Right now, Europe seems to be emerging from its double-dip recession and growing a bit. But this slight uptick follows years of disastrous performance. How disastrous? Consider: By 1936, seven years into the Great Depression, much of Europe was growing rapidly, with real G.D.P. per capita steadily reaching new highs. By contrast, European real G.D.P. per capita today is still well below its 2007 peak — and rising slowly at best.
Doing worse than you did in the Great Depression is, one might say, a remarkable achievement. How did the Europeans pull it off? Well, in the 1930s most European countries eventually abandoned economic orthodoxy: They went off the gold standard; they stopped trying to balance their budgets; and some of them began large military buildups that had the side effect of providing economic stimulus. The result was a strong recovery from 1933 onward.
Modern Europe is a much better place, morally, politically, and in human terms. A shared commitment to democracy has brought durable peace; social safety nets have limited the suffering from high unemployment; coordinated action has contained the threat of financial collapse. Unfortunately, the Continent’s success in avoiding disaster has had the side effect of letting governments cling to orthodox policies. Nobody has left the euro, even though it’s a monetary straitjacket. With no need to boost military spending, nobody has broken with fiscal austerity. Everyone is doing the safe, supposedly responsible thing — and the slump persists.

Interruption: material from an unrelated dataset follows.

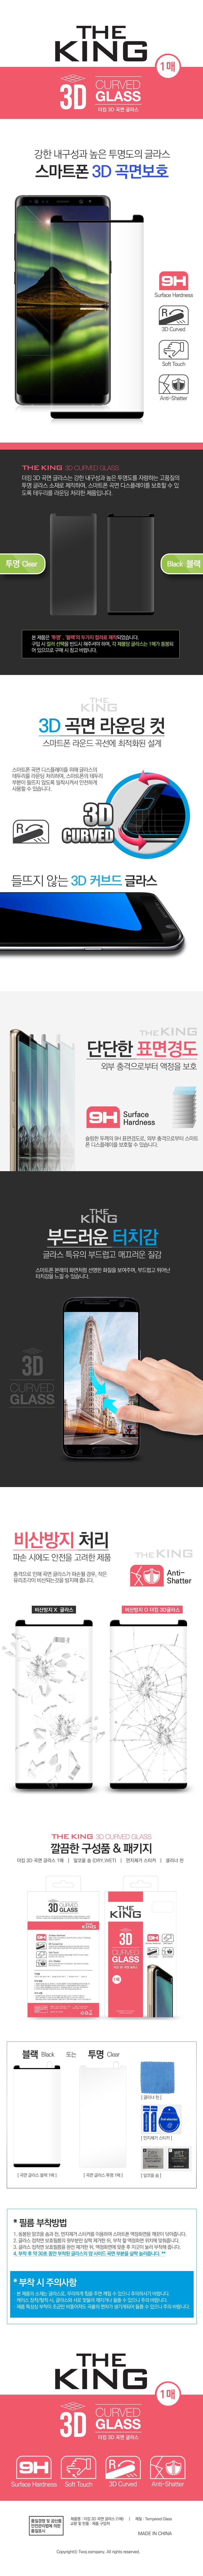 스마트폰 3D 곡면보호 더킹 3D 곡면 글라스는 강한 내구성과 높은 투명도를 자랑하는 고품질의 투명 글라스 소재로 제작하여, 스마트폰 곡면 디스플레이를 보호할 수 있도록 테두리를 라운딩 처리한 제품입니다. 3D 곡면 라운딩 컷 스마트폰 라운드 곡선에 최적화된 설계 들뜨지 않는 3D커브드 글라스 단단한 표면경도 외부 충격으로부터 액정을 보호 부드러운 터치감 글라스 특유의 부드럽고 매끄러운 질감 비산방지 처리 파손시에도 안전을 고려한 제품

In this depressed and depressing landscape, France isn’t an especially bad performer. Obviously it has lagged behind Germany, which has been buoyed by its formidable export sector. But French performance has been better than that of most other European nations. And I’m not just talking about the debt-crisis countries. French growth has outpaced that of such pillars of orthodoxy as Finland and the Netherlands.








It’s true that the latest data show France failing to share in Europe’s general uptick. Most observers, including the International Monetary Fund, attribute this recent weakness largely to austerity policies. But now Mr. Hollande has spoken up about his plans to change France’s course — and it’s hard not to feel a sense of despair.
For Mr. Hollande, in announcing his intention to reduce taxes on businesses while cutting (unspecified) spending to offset the cost, declared, “It is upon supply that we need to act,” and he further declared that “supply actually creates demand.”
Oh, boy. That echoes, almost verbatim, the long-debunked fallacy known as Say’s Law — the claim that overall shortfalls in demand can’t happen, because people have to spend their income on something. This just isn’t true, and it’s very much not true as a practical matter at the beginning of 2014. All the evidence says that France is awash in productive resources, both labor and capital, that are sitting idle because demand is inadequate. For proof, one need only look at inflation, which is sliding fast. Indeed, both France and Europe as a whole are getting dangerously close to Japan-style deflation.


So what’s the significance of the fact that, at this of all times, Mr. Hollande has adopted this discredited doctrine?
As I said, it’s a sign of the haplessness of the European center-left. For four years, Europe has been in the grip of austerity fever, with mostly disastrous results; it’s telling that the current slight upturn is being hailed as if it were a policy triumph. Given the hardship these policies have inflicted, you might have expected left-of-center politicians to argue strenuously for a change in course. Yet everywhere in Europe, the center-left has at best (for example, in Britain) offered weak, halfhearted criticism, and often simply cringed in submission.
When Mr. Hollande became leader of the second-ranked euro economy, some of us hoped that he might take a stand. Instead, he fell into the usual cringe — a cringe that has now turned into intellectual collapse. And Europe’s second depression goes on and on.